Привал
Местность не вызывала радостное настроение. У грузовых машин суетились солдаты. Мужики в фуфайках рыли узкие глубокие траншеи по краю широкого поля. Солнце щедро освещало высокие дома с маленькими постройками, расположенными вокруг него. Половина картошки на огородах оставалась не убранной. Ярким пятном желтели головки подсолнуха у крайнего огорода. Пассажиры растерянно осматривались, осторожно выбирались из машины. Первыми выпрыгивали солдаты, бабы им подавали маленьких детей. Мария удалось выбраться самой, принять на руки младших дочерей, подать руку Серёжке и Лене. Свой скарб они оттащили чуть в сторону и снова растерянно смотрели кругом. К ним присоединилась Ксения, которой Лена помогла слезть с младенцем. К ним подошли остальные сельчане. Испуганные, они жались друг к другу, надеясь, что кто-либо из начальства обратит на них внимания и поможет им. Они особенно надеялись на Павла, который ходил из одного дома в другой. У него рядом родители, он о них обязан позаботиться, а за одним поможет и им. Некоторые бродили до ближнего кустика. Возвращаясь обратно, они старались задержаться у дома, где предположительно находилось местное начальство. Они отдалённо слышали названия деревень: Лазанево и Лузуковы.

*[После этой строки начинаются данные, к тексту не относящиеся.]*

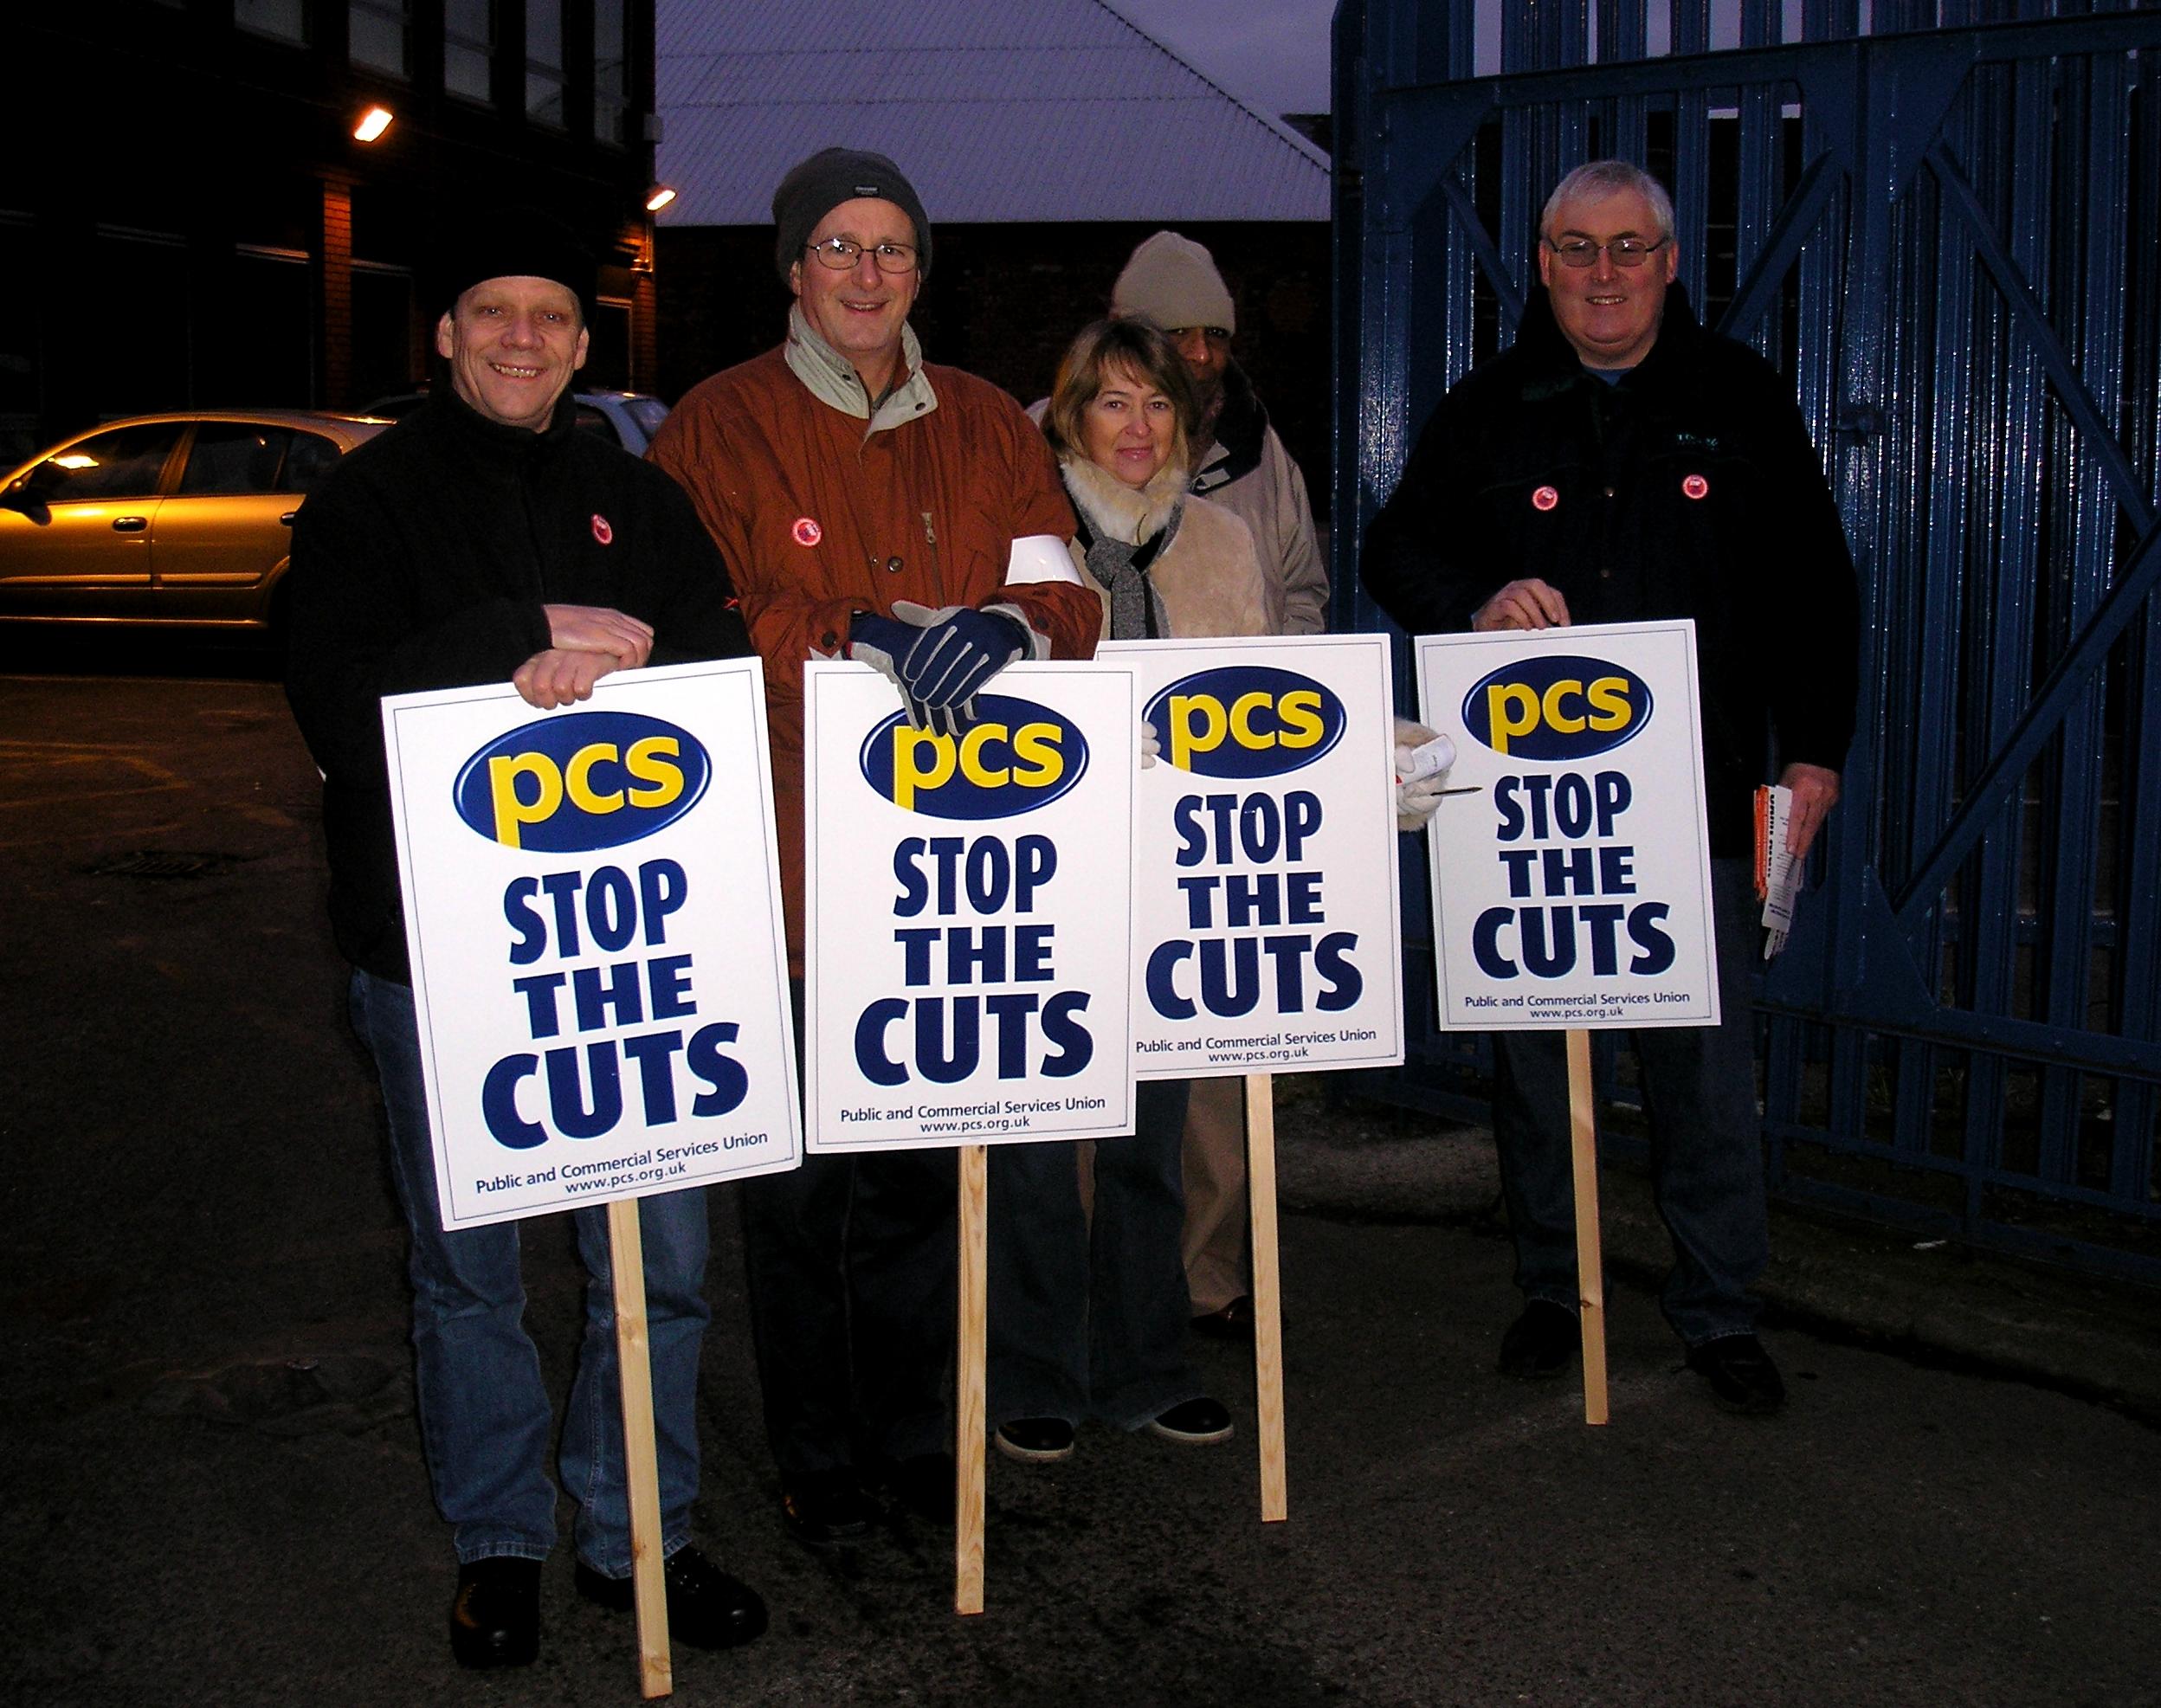 PCS members on strike in 2006.

– Это, наверно, ближние деревни, – строили они свои догадки наиболее опытные – возможно, что туда нас направят? Не оставят же здесь погибать?
– Наши мужики воюют, деревню заняли немцы, что нам теперь делать? Погибать? – Теряли терпения бабы, требуя к себе внимания.
Дети боязливо жались к матерям. А у них не хватало силы не только накормить детей, но даже ободрить, успокоиться малышей. У них нет сейчас крепкого дома, нет печи, где было бы можно приготовить еду и согреть детей. Они не смогут защитить детей даже от дождя и холода. Но, прожив сутки под немцами, они оценили, что значит быть среди своих. Здесь хотя бы ни кто не сможет их убить, говорят по-русски.
– Картошка у людей ещё не выкопана, – делали вывод более наблюдательные. – Дали бы нам работу, мы бы хоть на еду заработали.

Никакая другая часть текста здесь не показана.